Activity => A verbatim restatement of the data, free of pictures, is what you should output.

[Opening Material provided section]

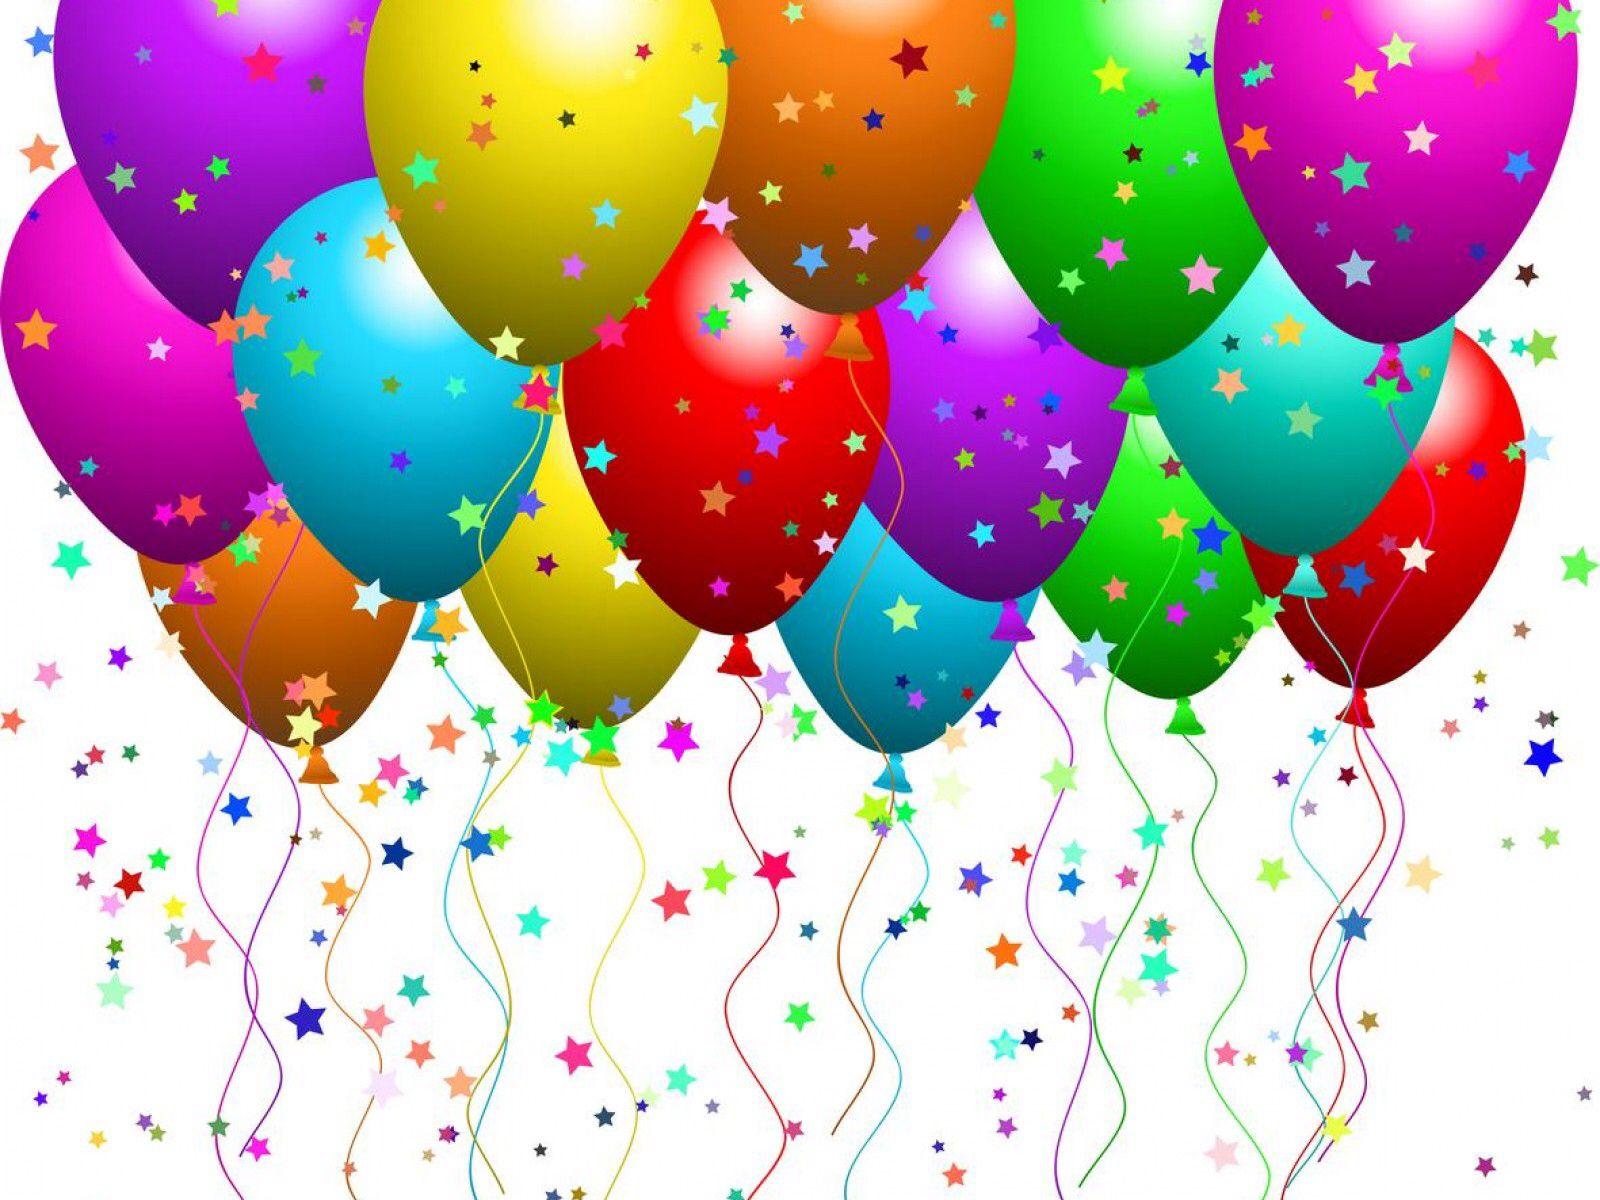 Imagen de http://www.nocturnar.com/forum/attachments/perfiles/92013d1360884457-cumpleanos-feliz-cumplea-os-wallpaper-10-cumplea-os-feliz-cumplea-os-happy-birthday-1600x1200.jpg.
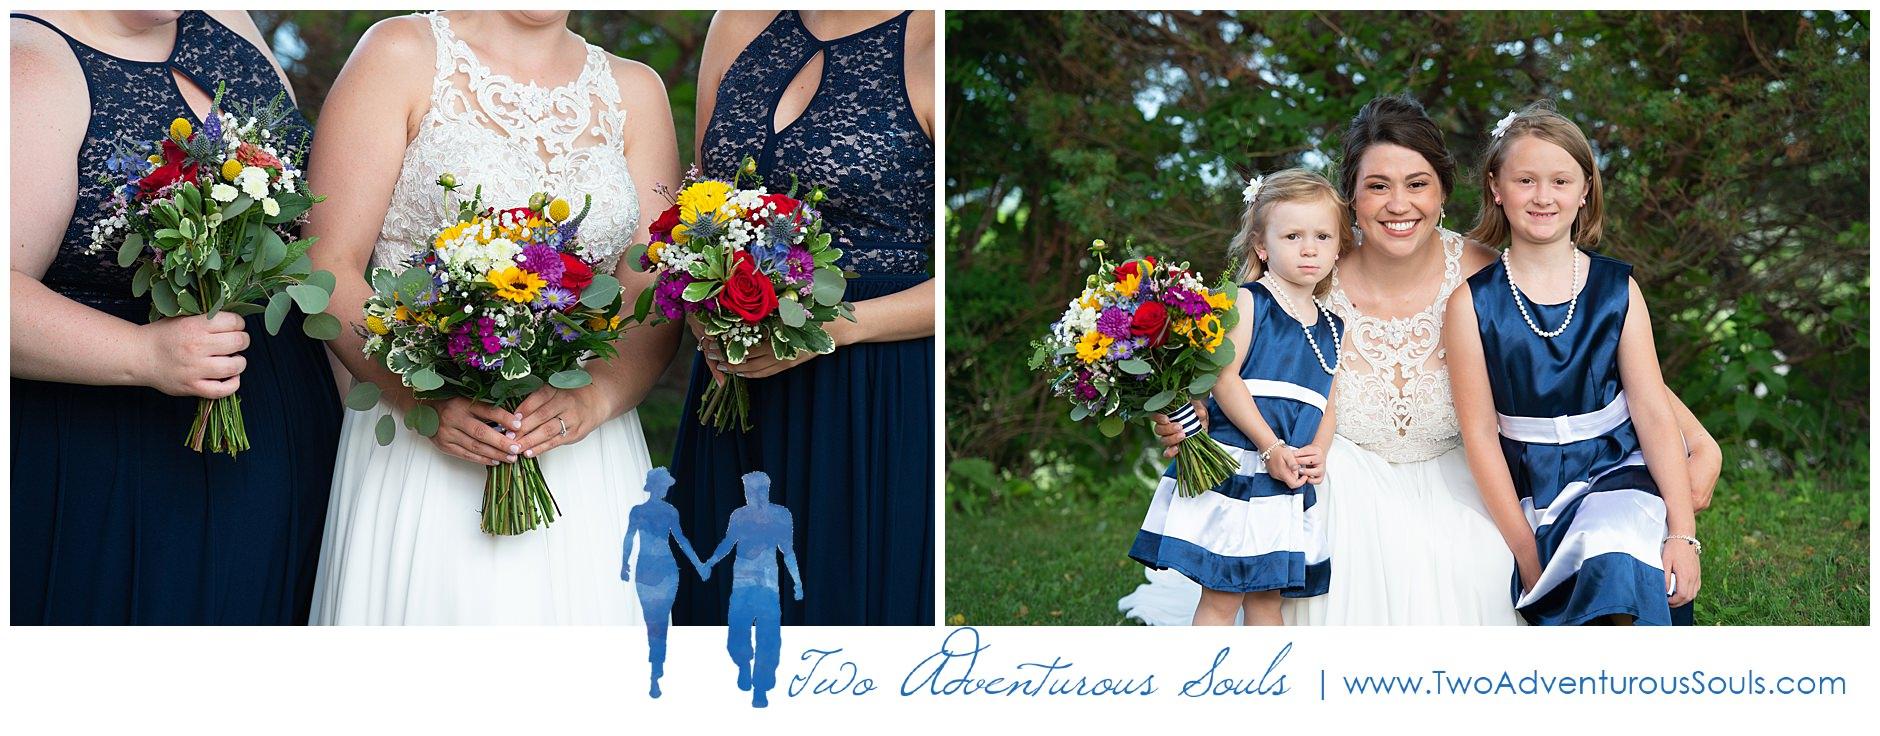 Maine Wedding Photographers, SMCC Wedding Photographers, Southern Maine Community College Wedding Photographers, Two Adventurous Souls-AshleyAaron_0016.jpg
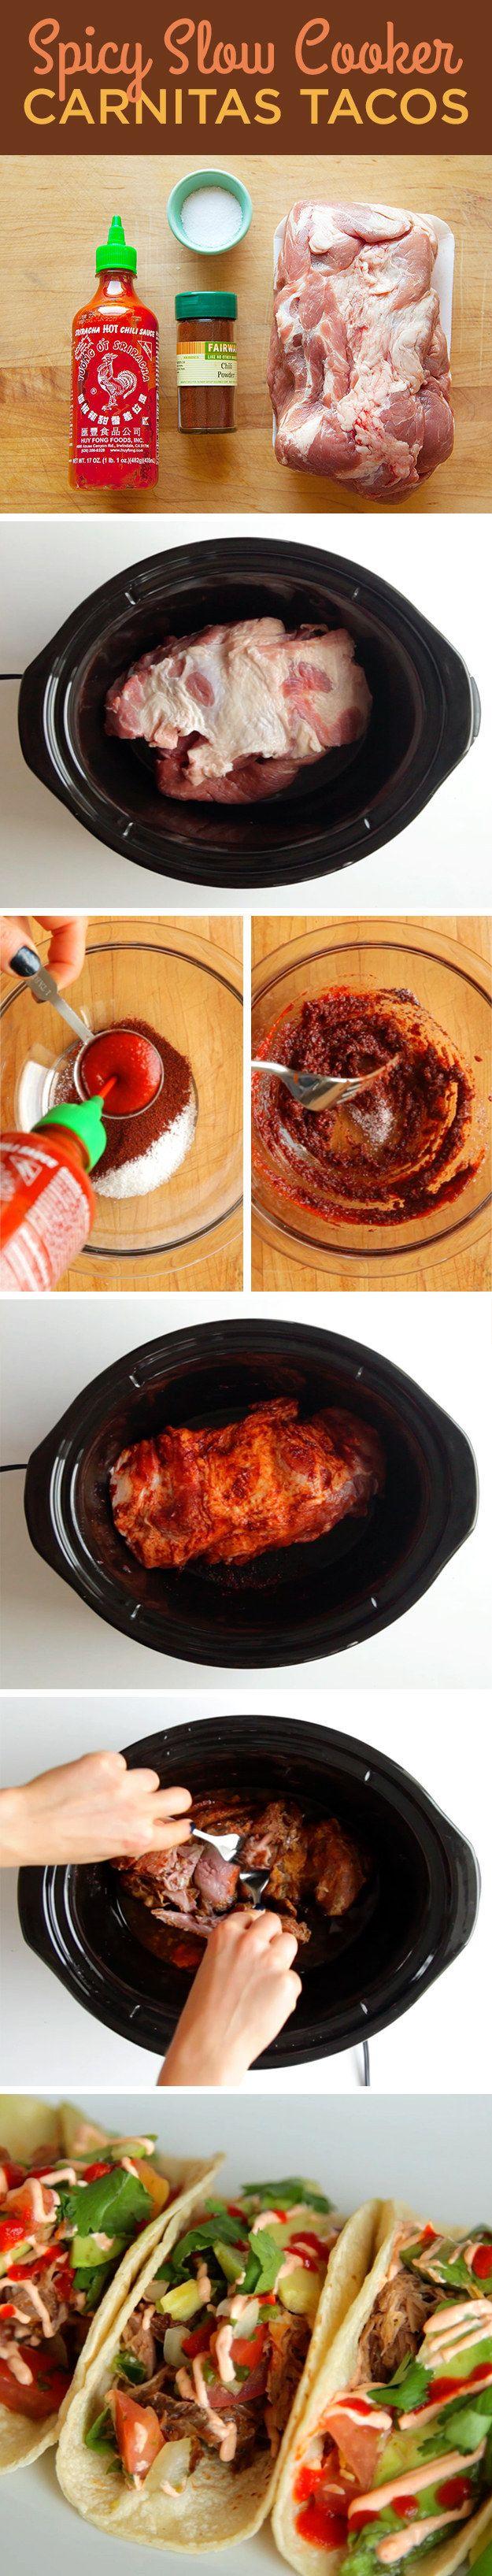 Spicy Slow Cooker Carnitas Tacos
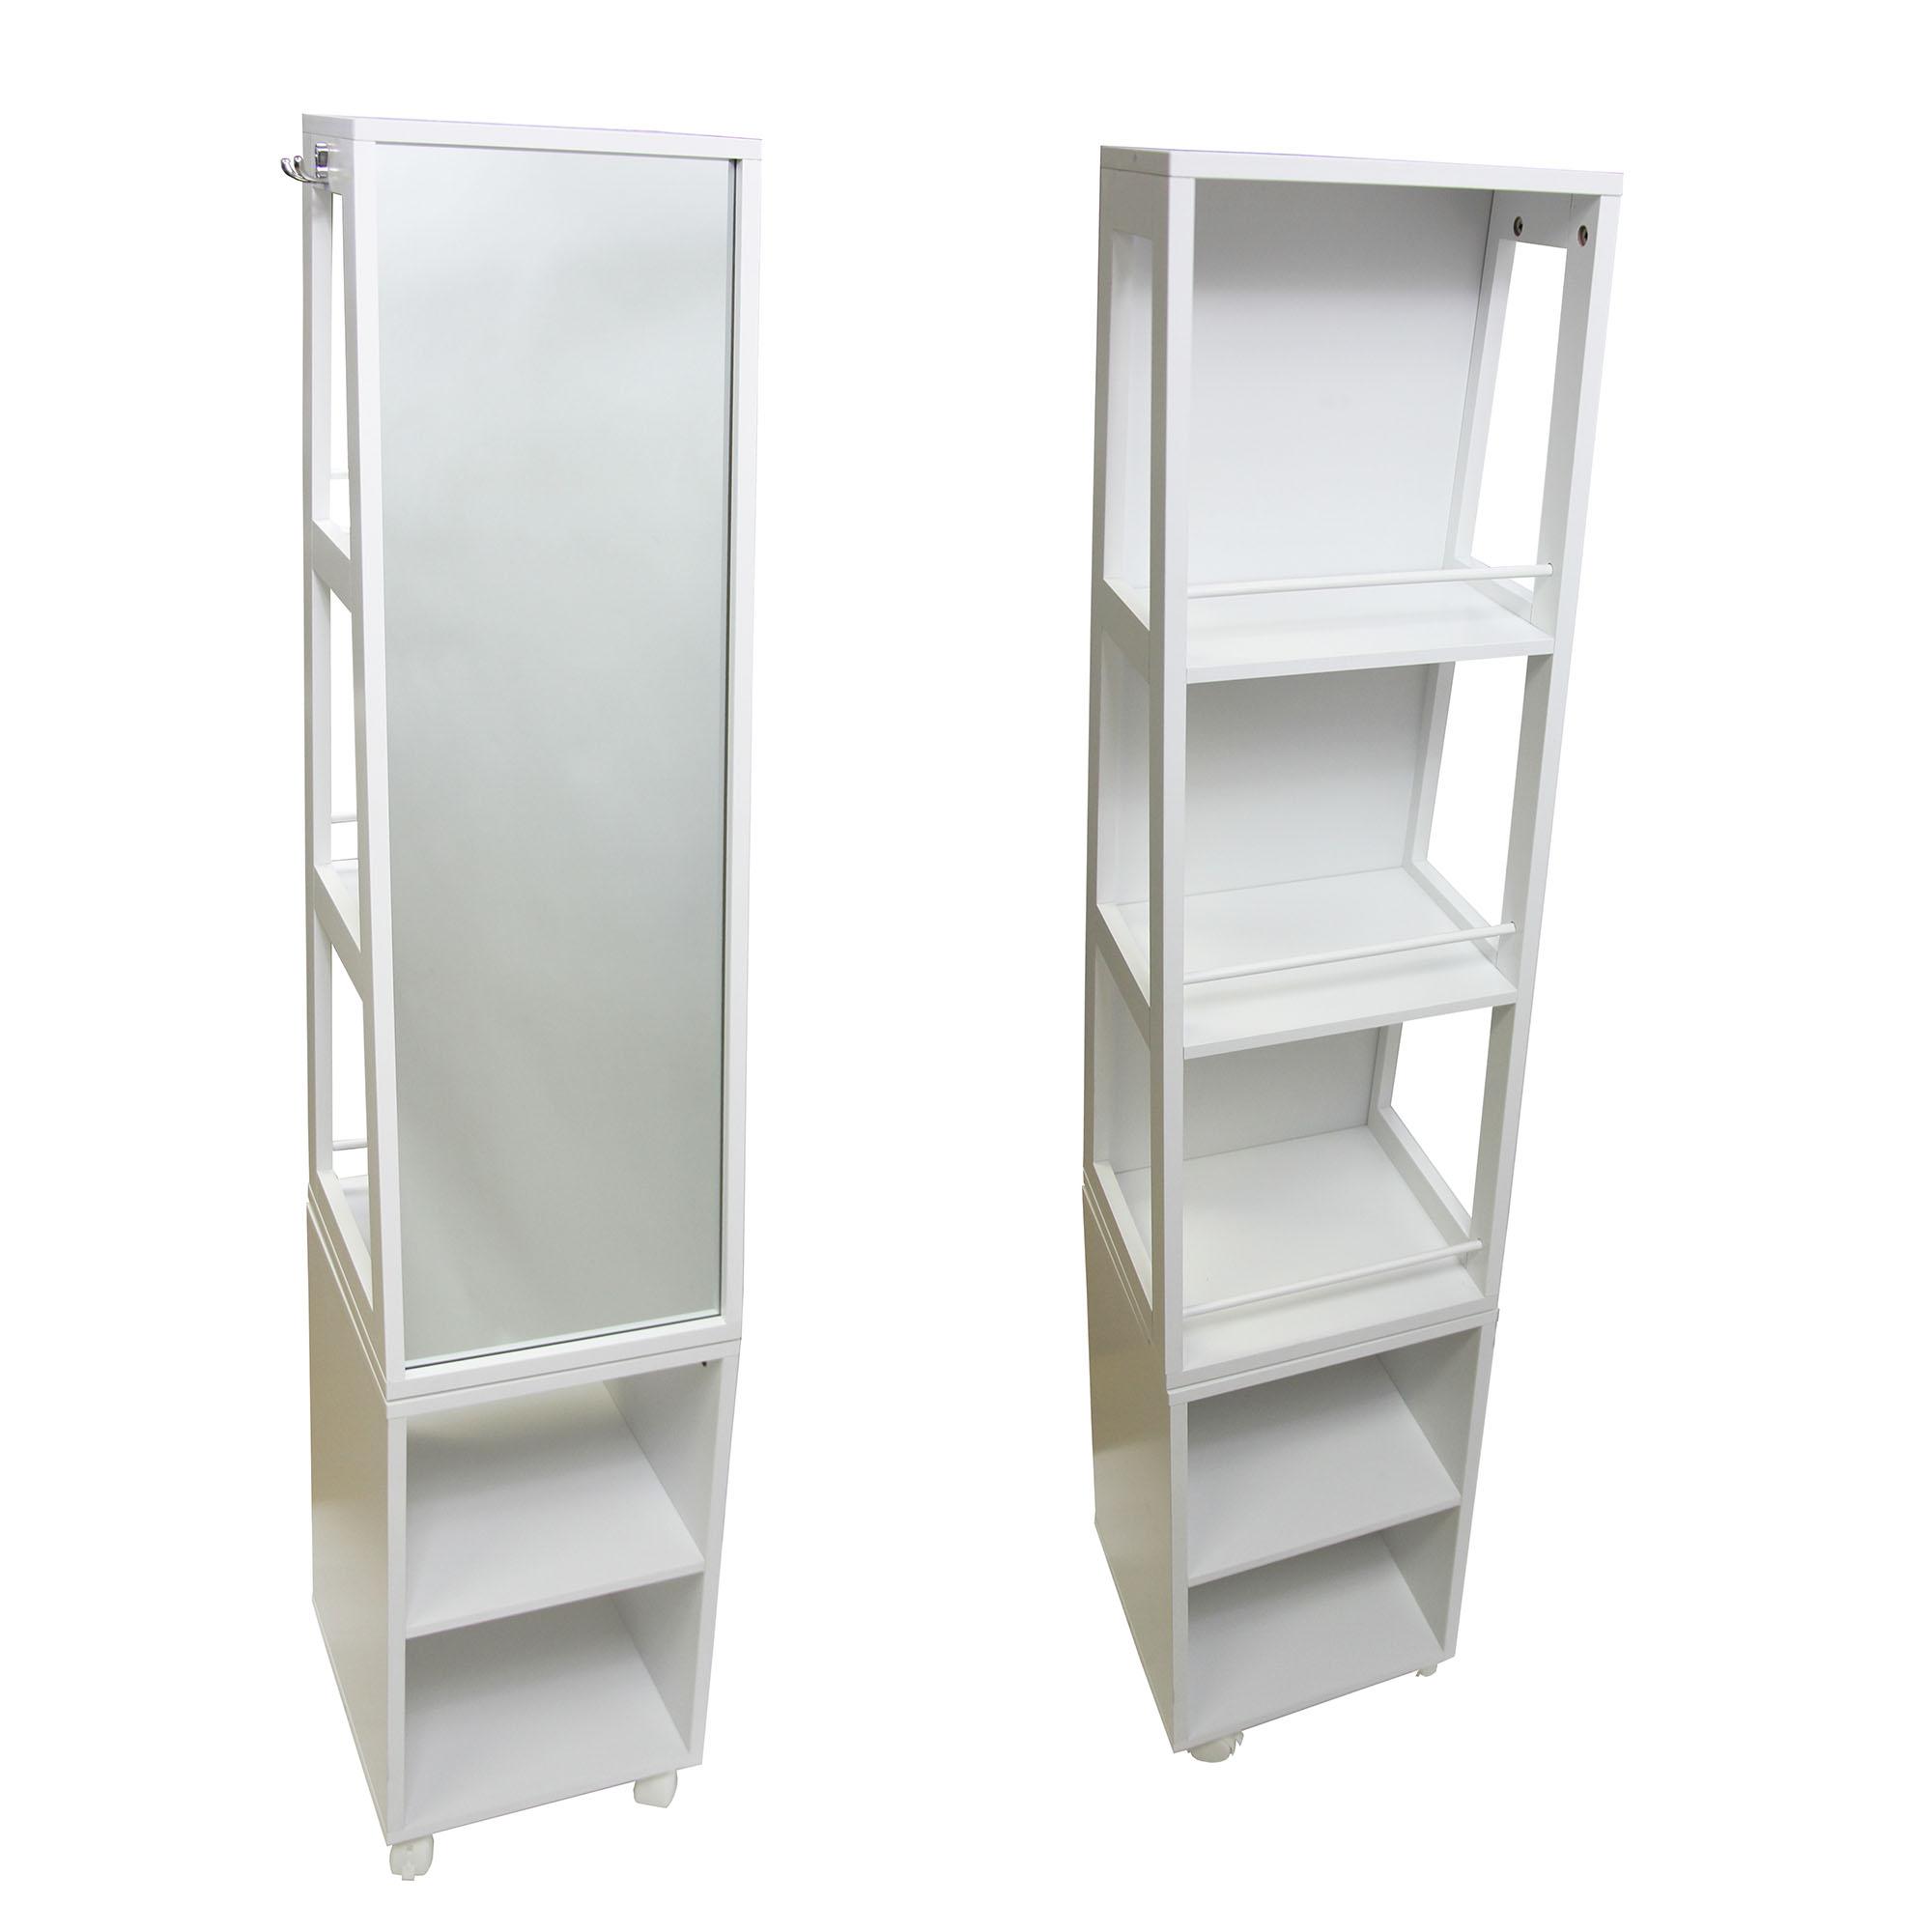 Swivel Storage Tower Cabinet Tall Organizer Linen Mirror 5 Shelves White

[Closing Material provided section]

Solution =>
 Imagen de http://www.nocturnar.com/forum/attachments/perfiles/92013d1360884457-cumpleanos-feliz-cumplea-os-wallpaper-10-cumplea-os-feliz-cumplea-os-happy-birthday-1600x1200.jpg.
 Maine Wedding Photographers, SMCC Wedding Photographers, Southern Maine Community College Wedding Photographers, Two Adventurous Souls-AshleyAaron_0016.jpg
 Spicy Slow Cooker Carnitas Tacos
 Swivel Storage Tower Cabinet Tall Organizer Linen Mirror 5 Shelves White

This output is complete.